If the libations that accompany the offerings were already sanctified in a service vessel and the offering was discovered to be unfit, if there is another offering, the libations should be sacrificed with that offering; and if not, they should be disqualified by being left overnight.

If wine has already been poured for a sacrifice, and then the animal sacrifice was slaughtered and discovered to have a blemish, the mishnah teaches that rather than automatically tossing the wine away, one can instead offer it with another animal whose libation has not yet been poured. However, if there are no other offerings the wine can accompany, the wine should be left overnight, disqualifying its ritual status, then poured out. This is a standard way of “disposing” of a sacred item that cannot be offered — leave it alone until chance and natural processes render it invalid, then find a way to dispose of it.

This is a better outcome than usual in the case of ritual disqualifications: At least in some cases — when another offering can be accompanied by the already-sanctified wine — the wine won’t go to waste! The Gemara points out that this seems in tension with another ruling about oil:

But didn’t Rav Hisda say that oil that one separated for the sake of this one meal offering is unfit to be brought for the sake of another meal offering?
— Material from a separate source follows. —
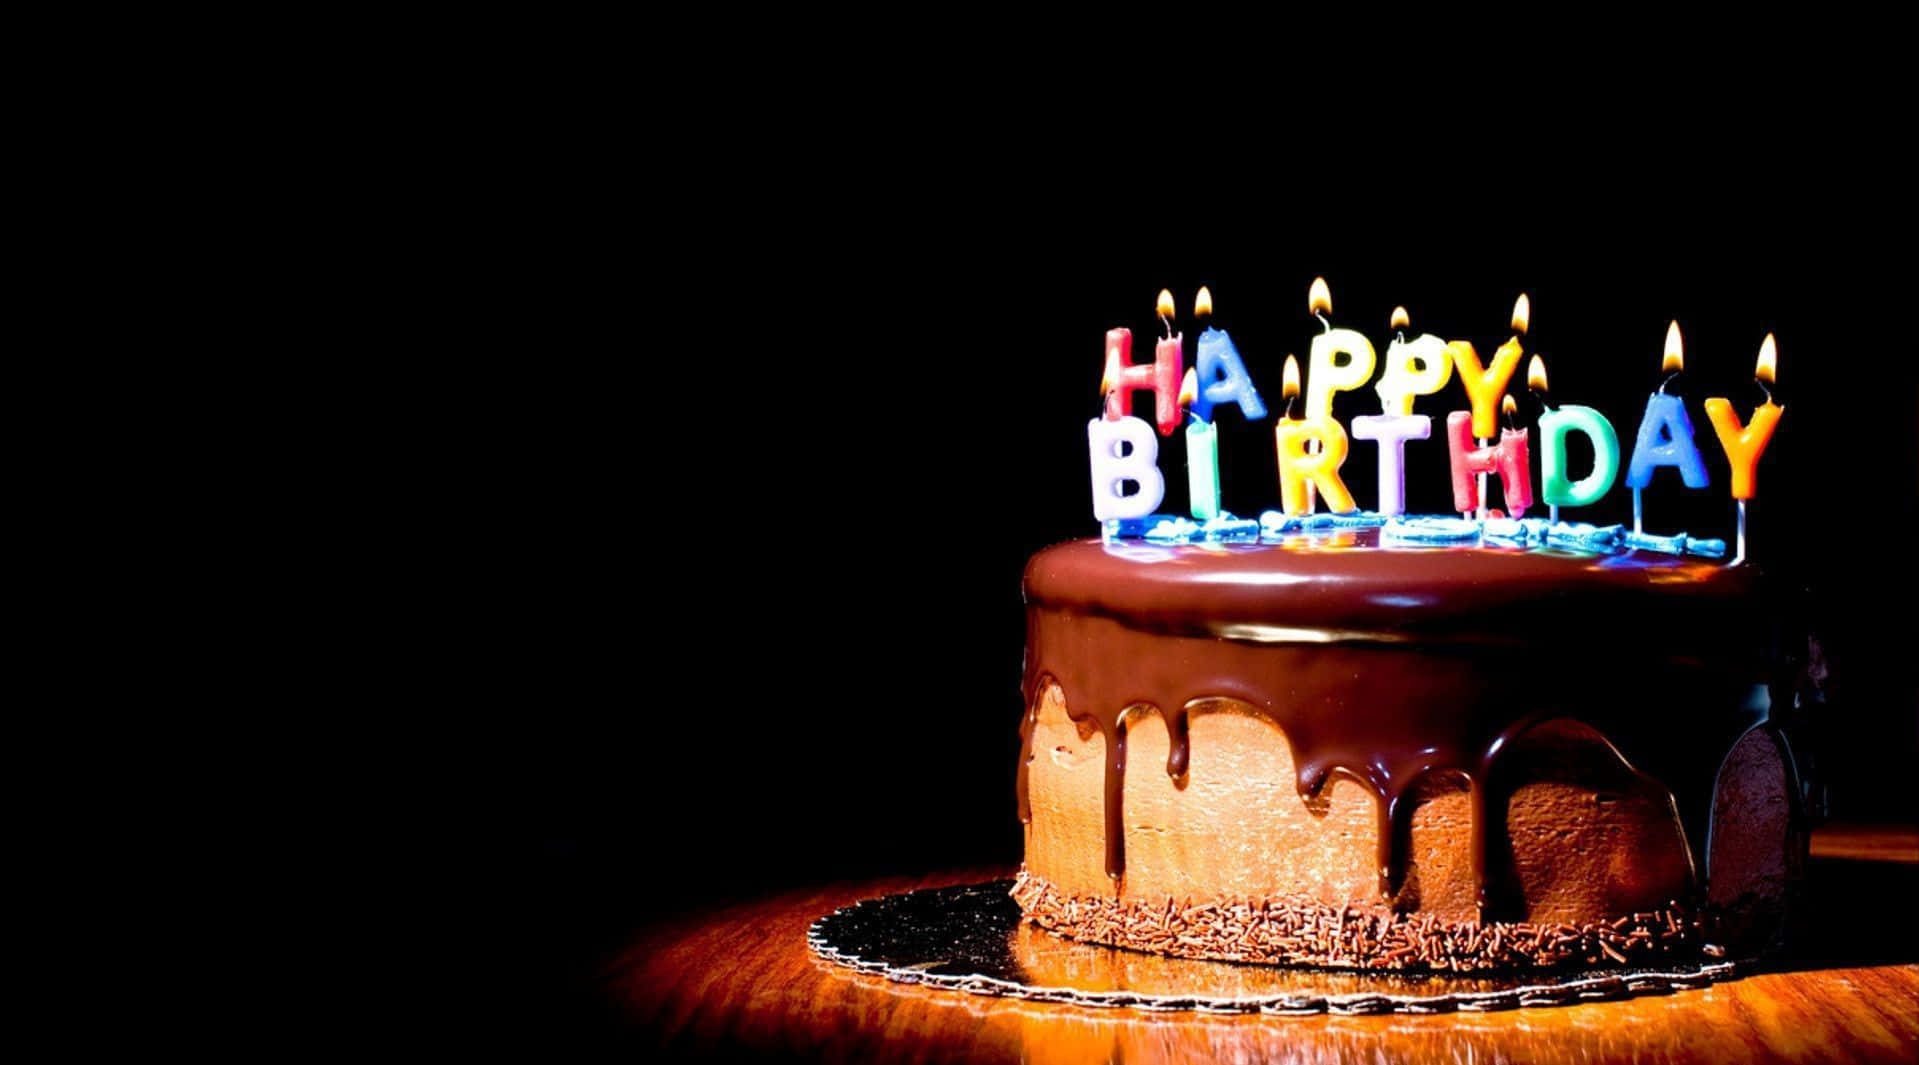 Happy Birthday Cake Hd Wallpapers

Unlike wine, if one has already poured oil for the sake of a meal offering, and the meal becomes unfit, one isn’t allowed to simply reassign the oil to a different offering. Rather, the oil should be discarded. So what is the difference between oil and wine?

Rabbi Yannai says: The court tacitly stipulates concerning the libations that if they were required, they were required. But if not, they should be brought with another offering.

Rabbi Yannai answers that the court sets a default stipulation with regard to the status of libations. If they end up being usable with the sacrifice for which they were initially designated, wonderful! But if not, the court stipulation allows those libations to be reassigned to another offering.

This answer is the equivalent of: because we said so. The Gemara still wants to know why: If the court makes this stipulation, presumably to reduce waste in such cases, why shouldn’t the same stipulation be applied to oil? Presumably, we should also wish to minimize cases of waste there.

The answer:

The oil is part of the meal offering itself.

Oil has a different status than libations, because oil is an element of the meal offering itself. Oil is not simply poured out on the occasion of a sacrifice, it’s mixed with the flour — making it part of the body of the sacrifice. Therefore, oil that was designated for a particular offering cannot be reassigned— because it is an essential part of that particular offering.